On 1/27/21 1:48 PM, Amadeus Cavalcanti Salvador de Alcântara wrote: > The 3hr2.pdb contains 2 non standard amino acids: > HYP hydroxyproline > LYZ Hydroxylysine
I would be inclined to edit the PDB file and replace the coordinates for these modified residues with the corresponding standard amino acids. You can certainly use the '.' residue type, and treat them as ligands, but that will simply copy them from target to template, allowing no relaxation (or mutation), usually not what you want for modified residues.
> The model looks good, however, it is not as close to the 3hr2 structured > as I wished. As a mechanical engineer I am no used to those models nor > to homology modeling and have been learning all here by reading the > manual, instructions and mail listing. Did I make many/any mistakes? > Where and what? Can the model become better (more close to the 3hr2 > template structure)? If yes, how?
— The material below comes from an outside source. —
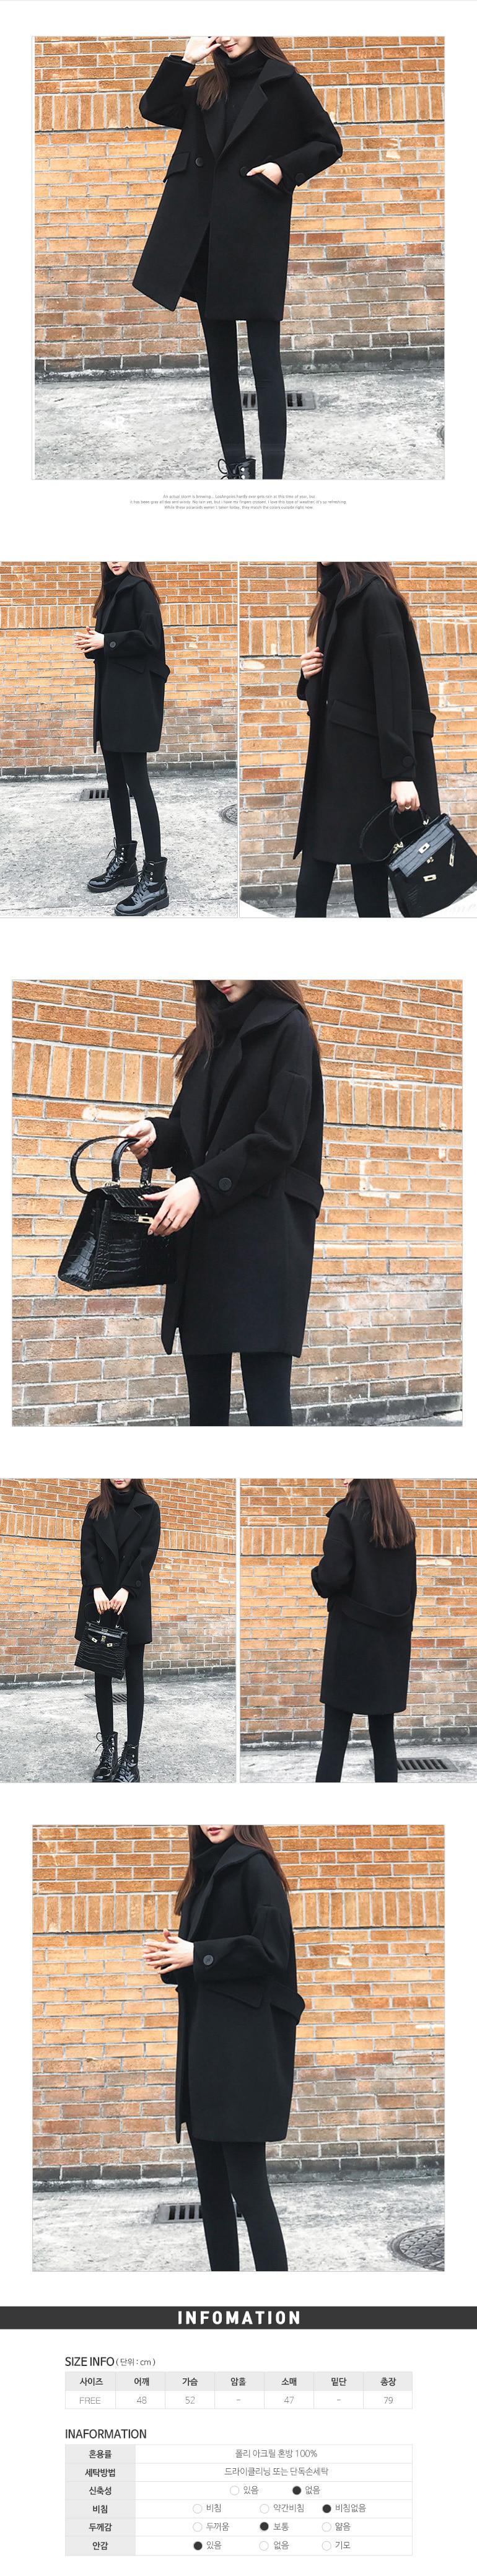 Miko taylor coat

Modeller builds models that resemble the template, by construction. If you're seeing a big divergence, you likely have an alignment error. You should carefully inspect the alignment and look for obvious problems, such as lots of gaps, sequences of different lengths, or gaps in regions of known secondary structure.
> How to know if a model is "good enough"? This depends on what you want to use it for. But DOPE is only a ranking - it doesn't tell you how "good" the model is, only whether it's better than your other models. A score like normalized DOPE or TSVMod would give you a better idea; these can be calculated at https://salilab.org/evaluation/
> Can I proceed like that and create the models for the chains B > and C and complete the collagen structure?
To build a multi-chain structure, it's usually best to build all chains simultaneously, so you get any inter-chain interactions correct.